* _Provided material_
* * * *

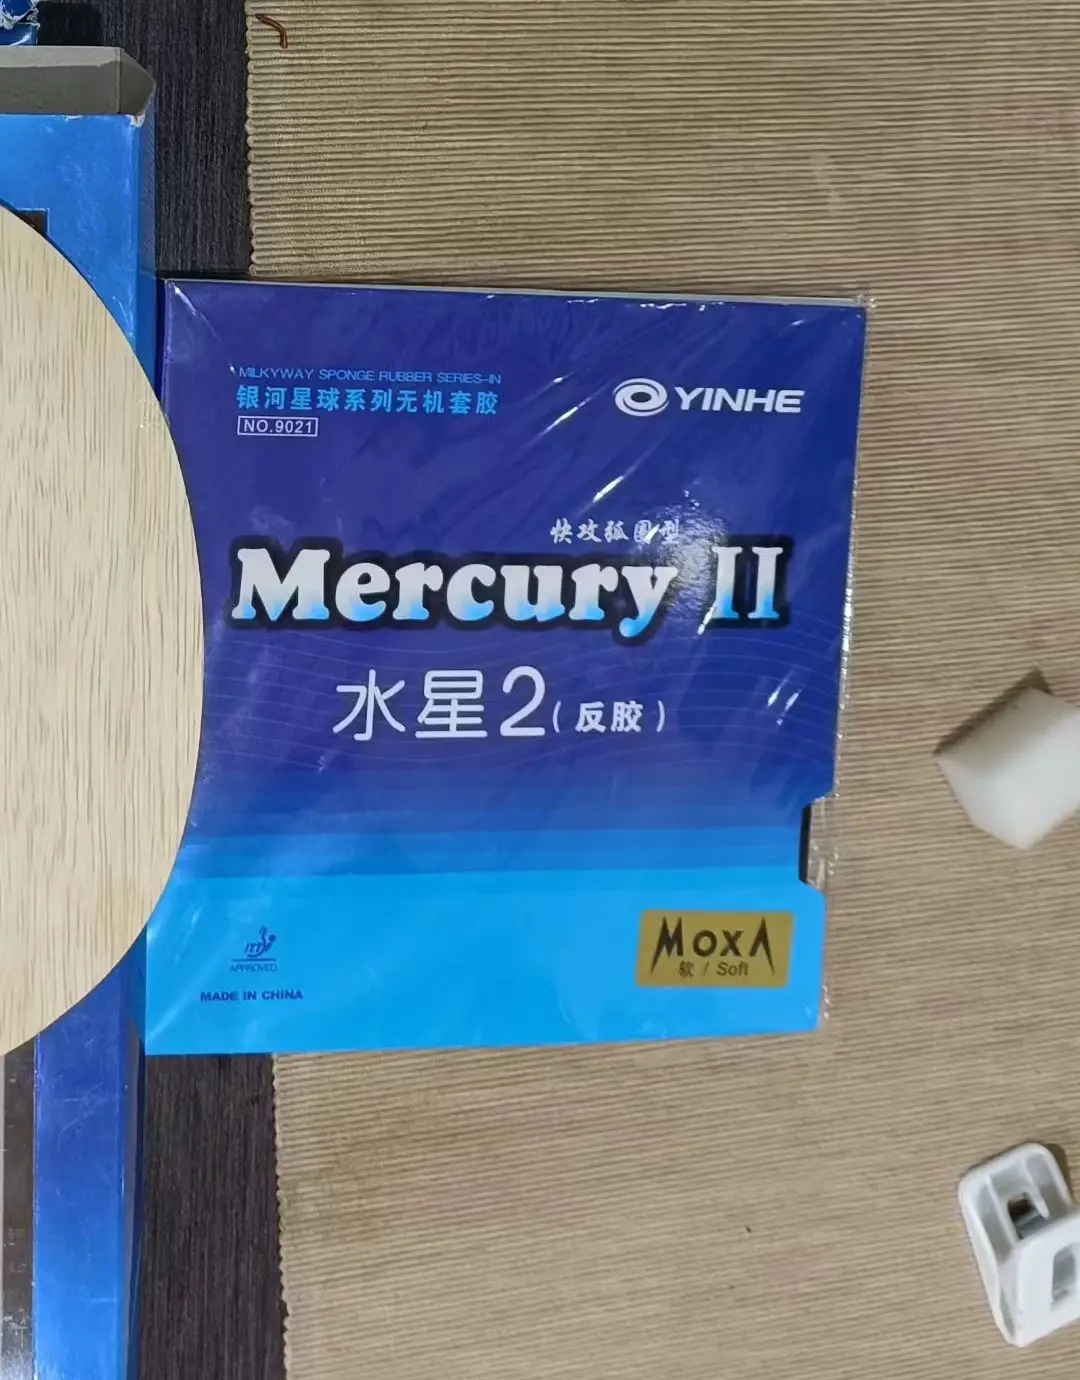 Yinhe Mercury 2 Review
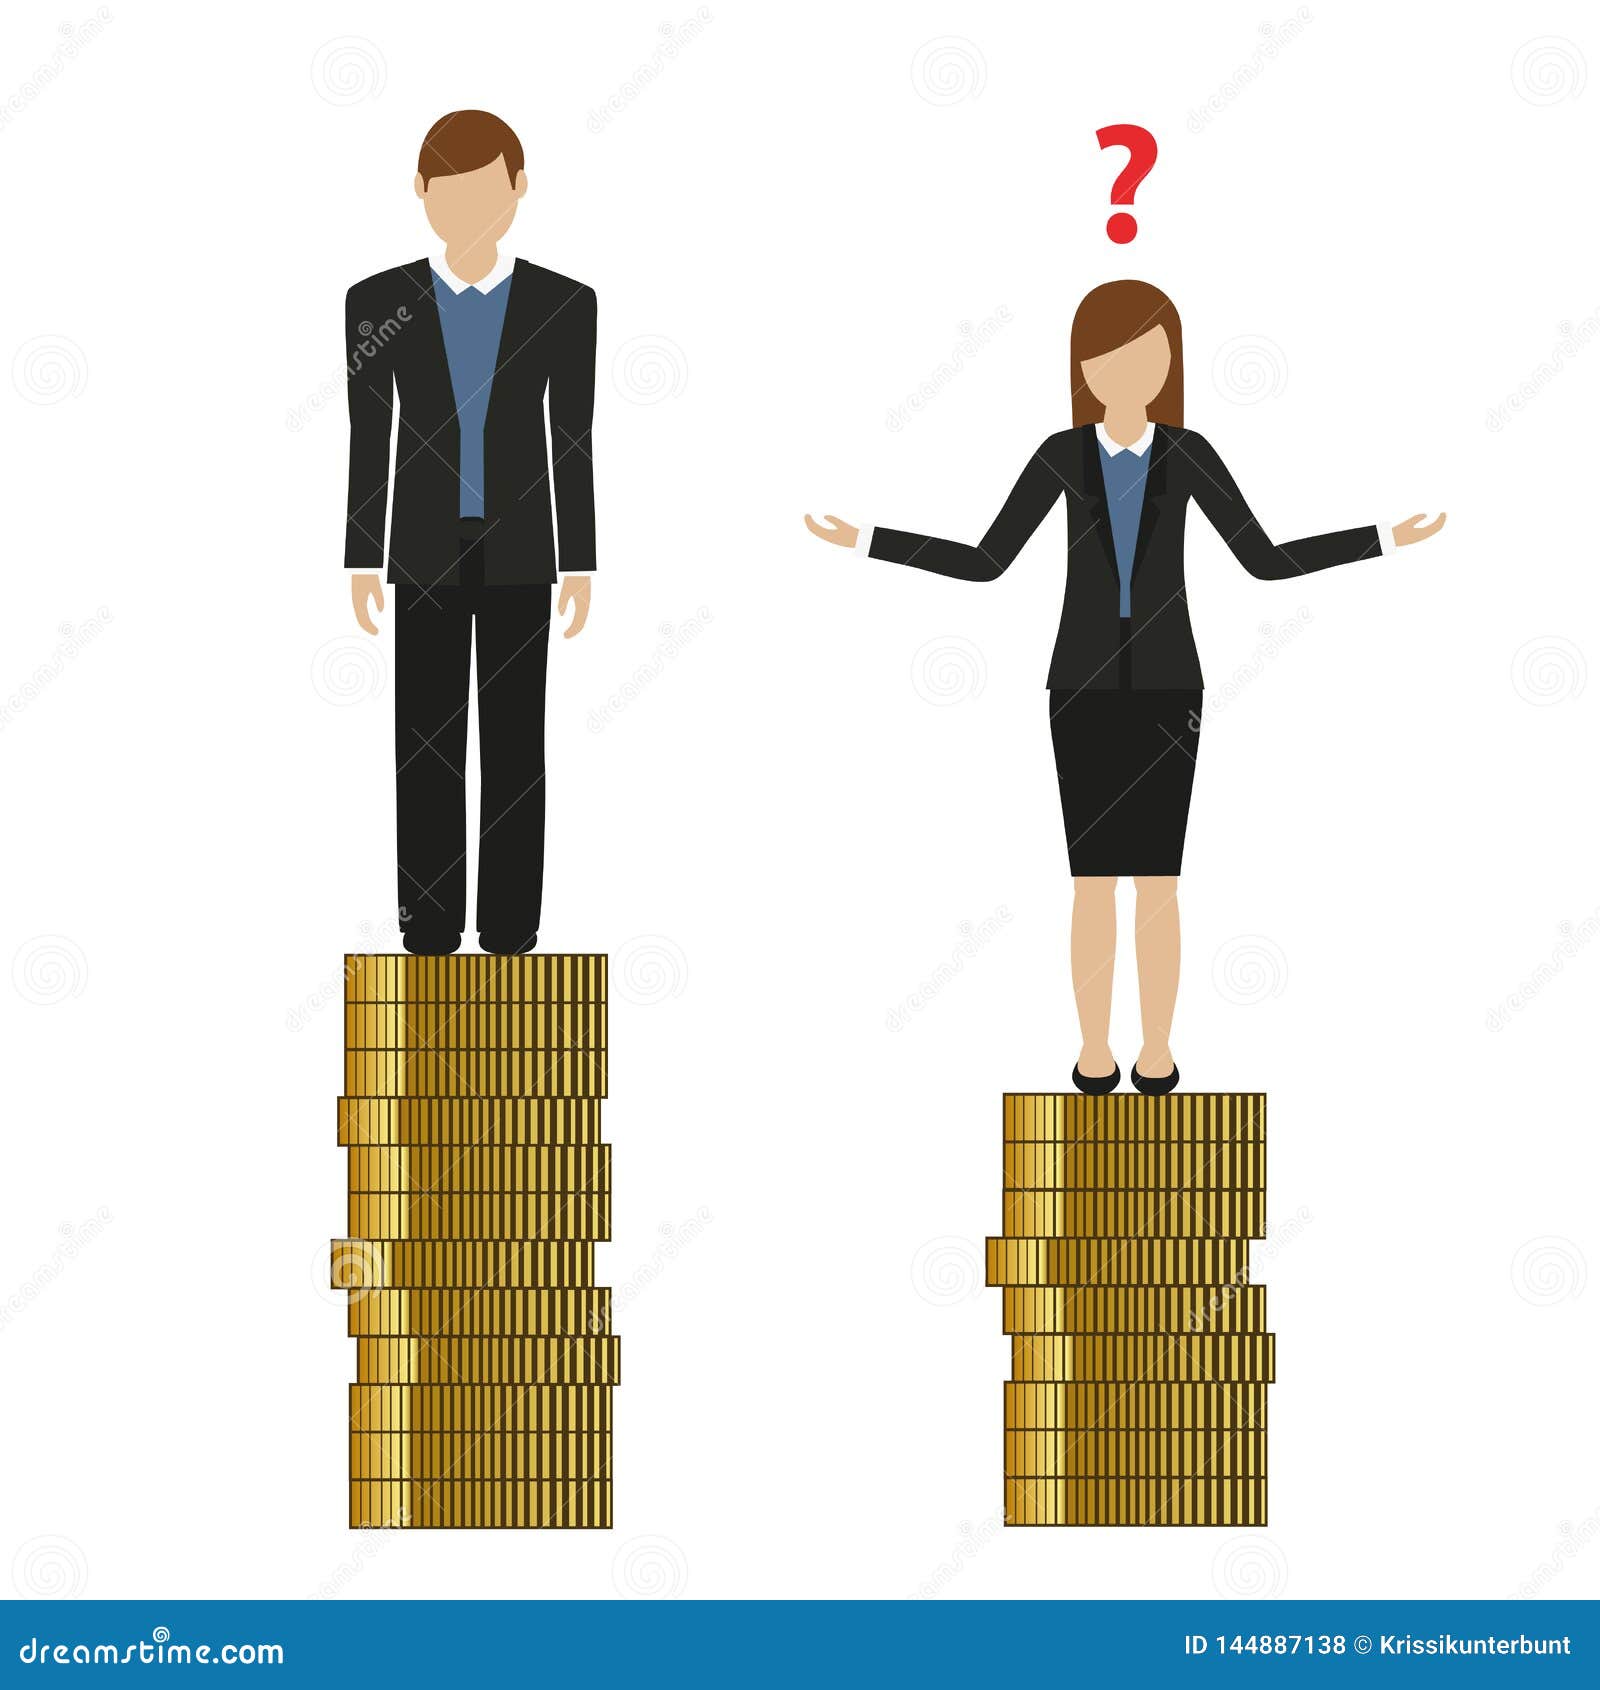 woman earns less money than man discriminates
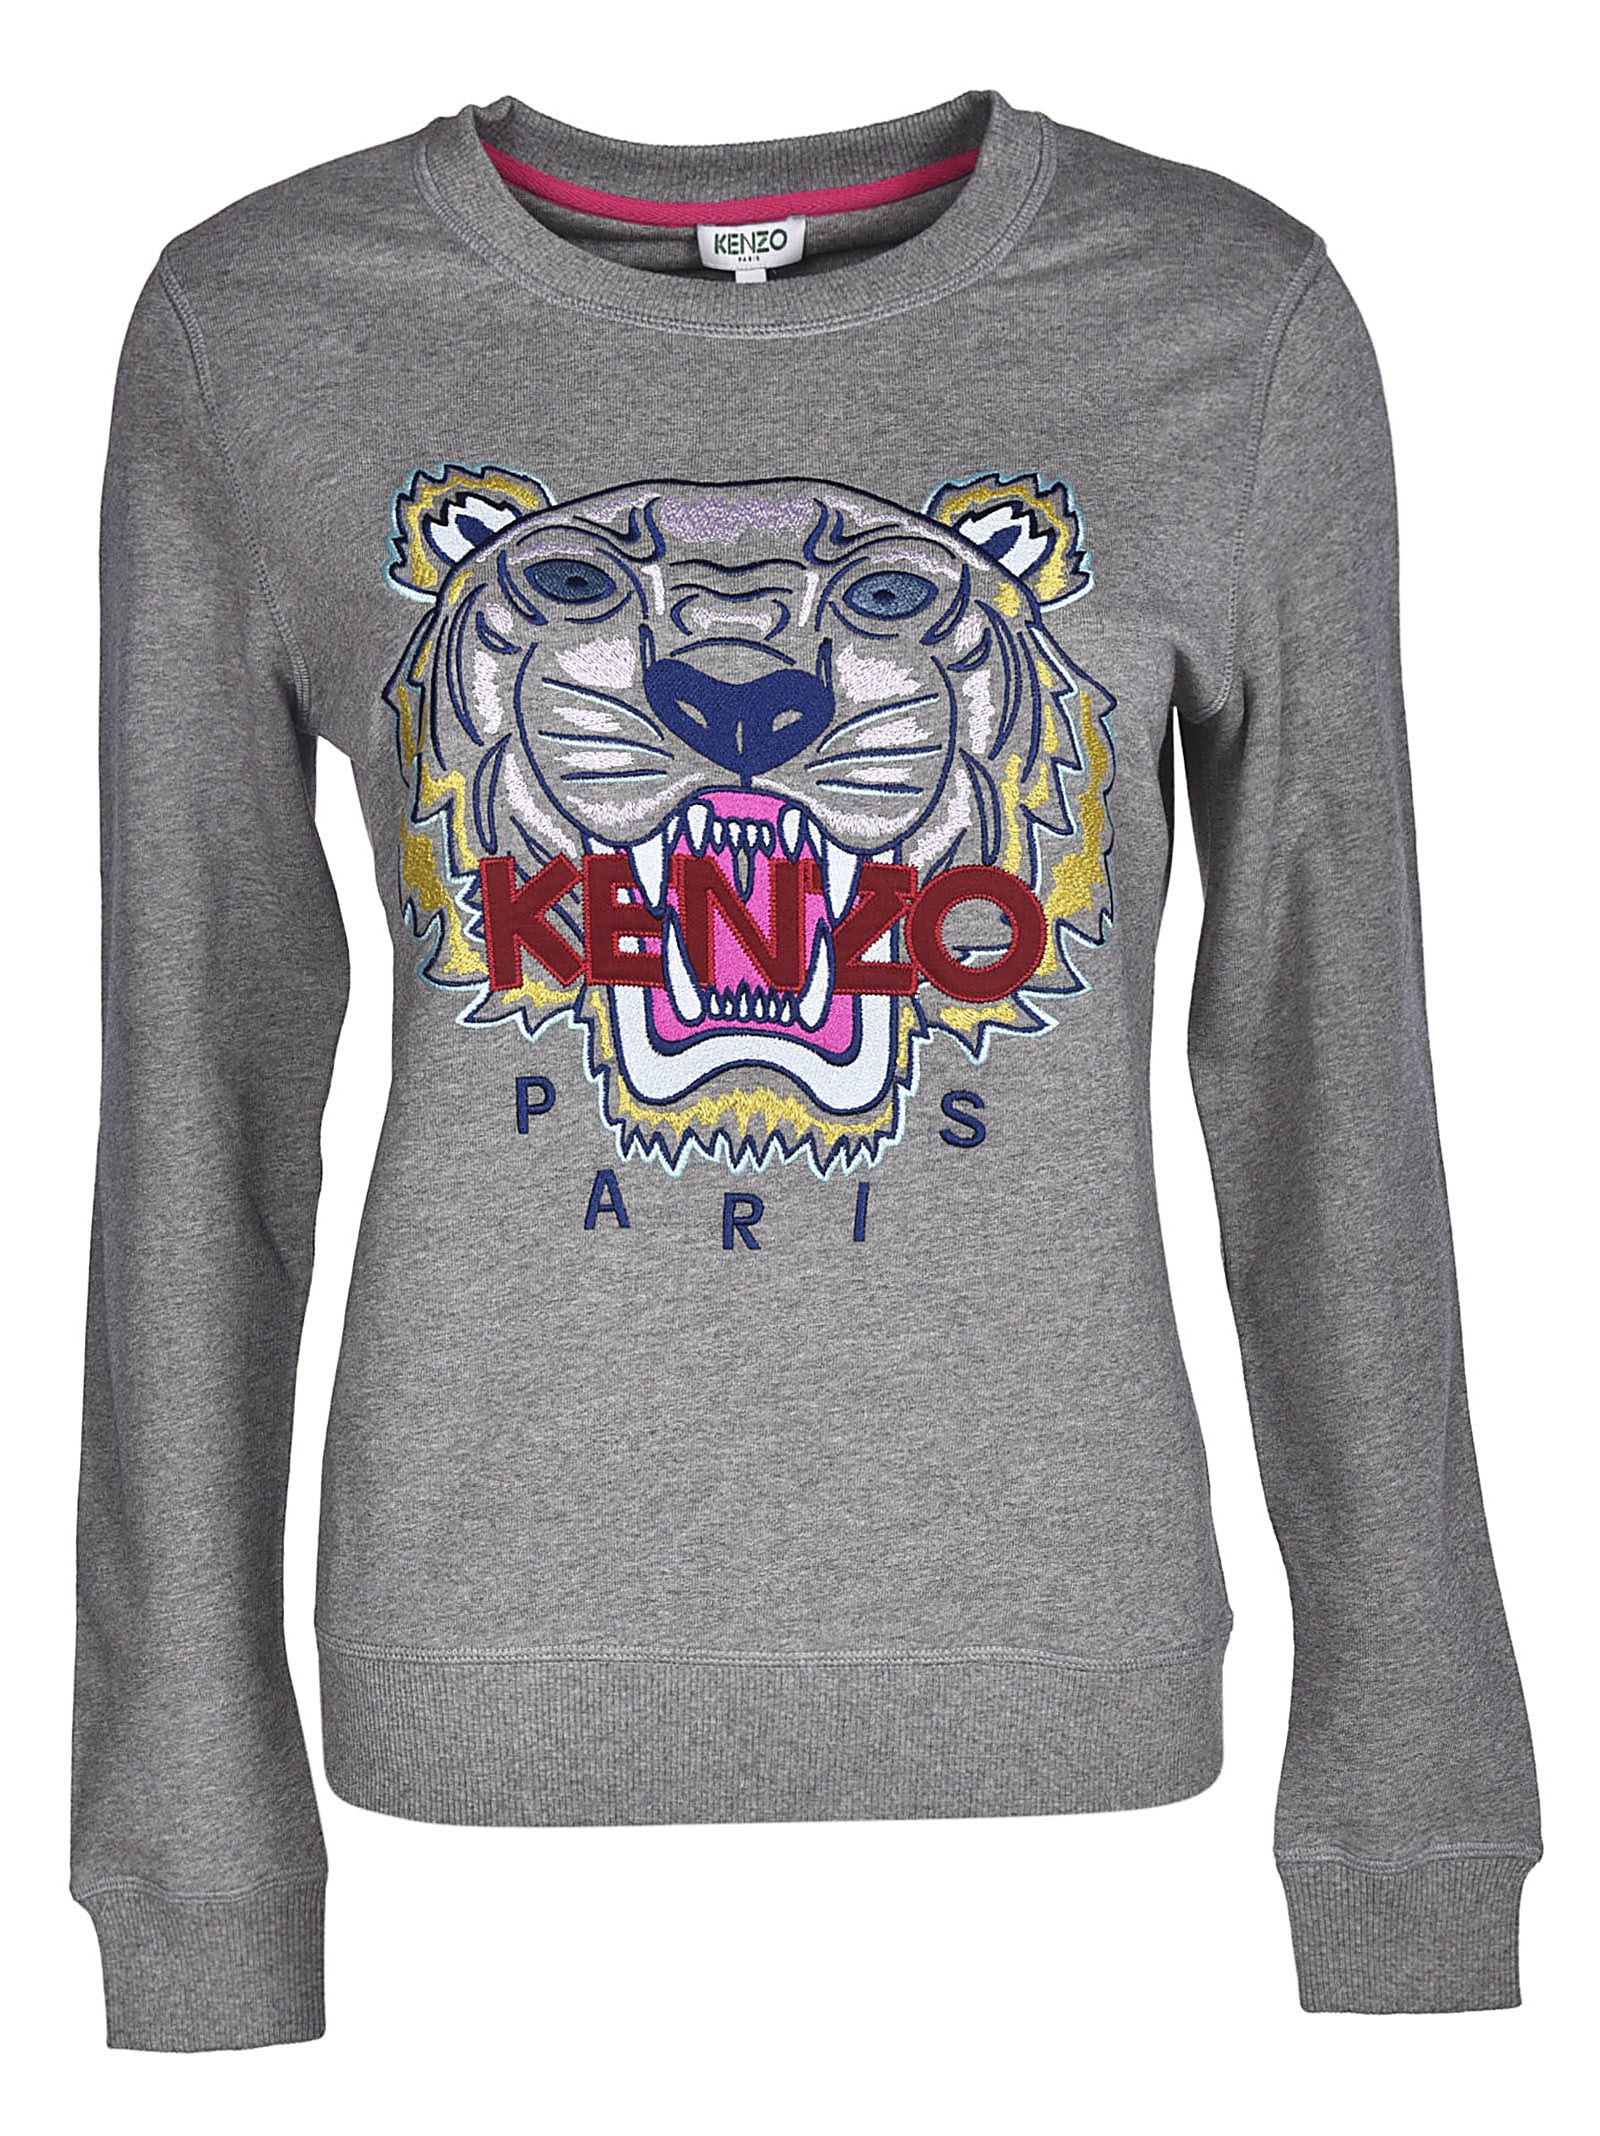 italist | Best price in the market for Kenzo Kenzo Tiger Sweatshirt
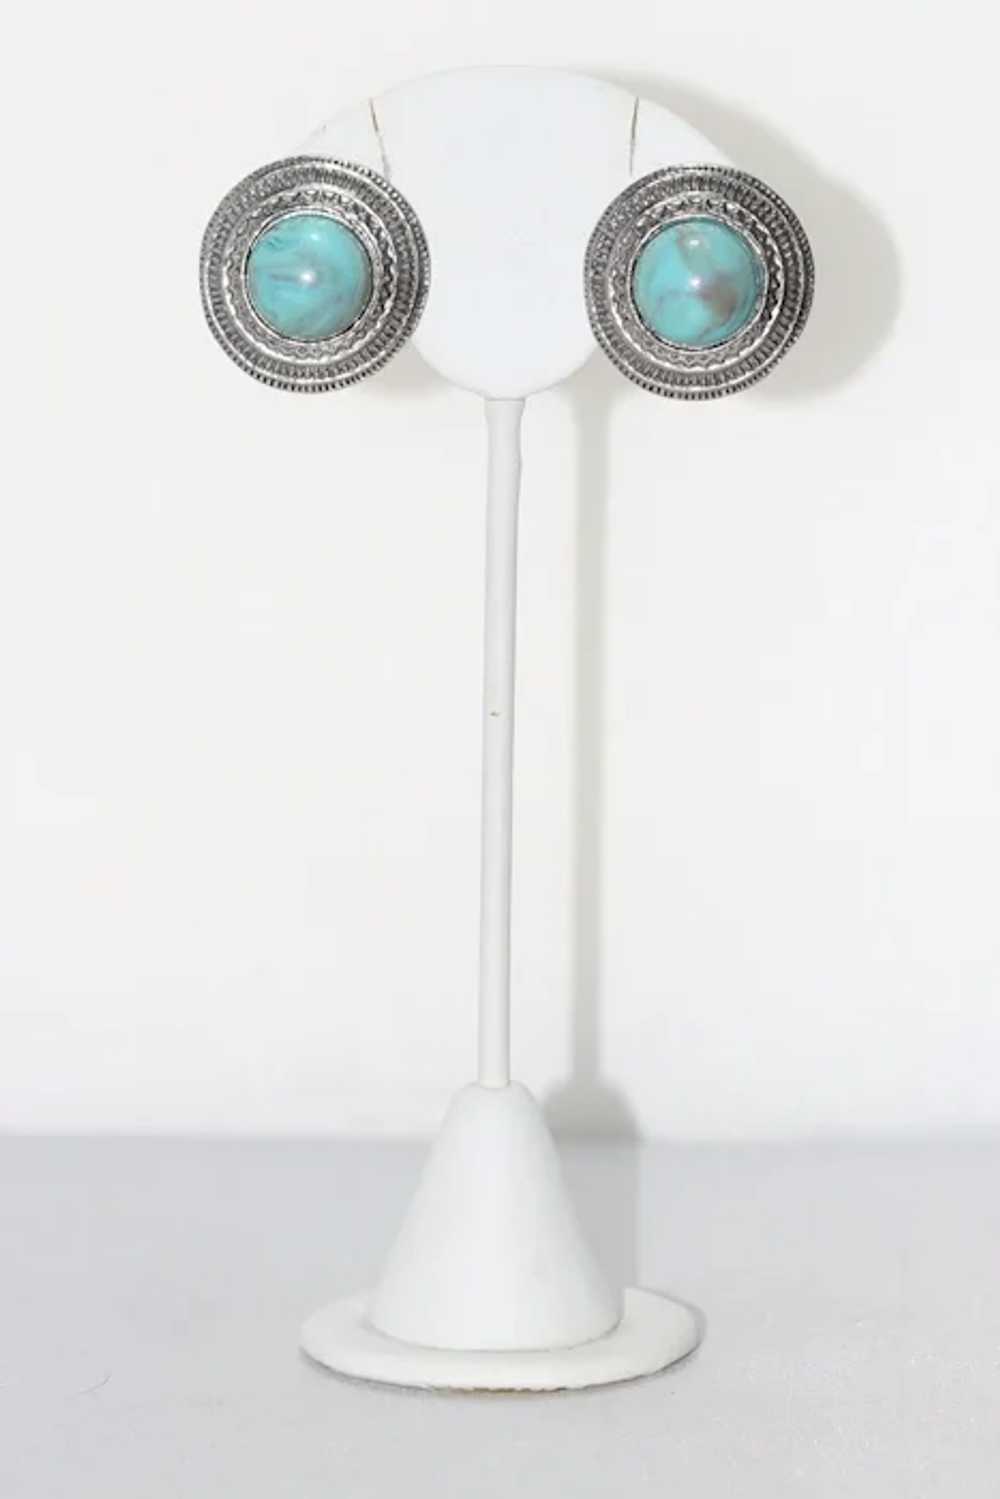 Vintage Turquoise Earrings - image 3

* * * *

* _Work to complete_
Transcribe the whole listing, character for character, but not its images.

* _Response below_
 Yinhe Mercury 2 Review
 woman earns less money than man discriminates
 italist | Best price in the market for Kenzo Kenzo Tiger Sweatshirt
 Vintage Turquoise Earrings - image 3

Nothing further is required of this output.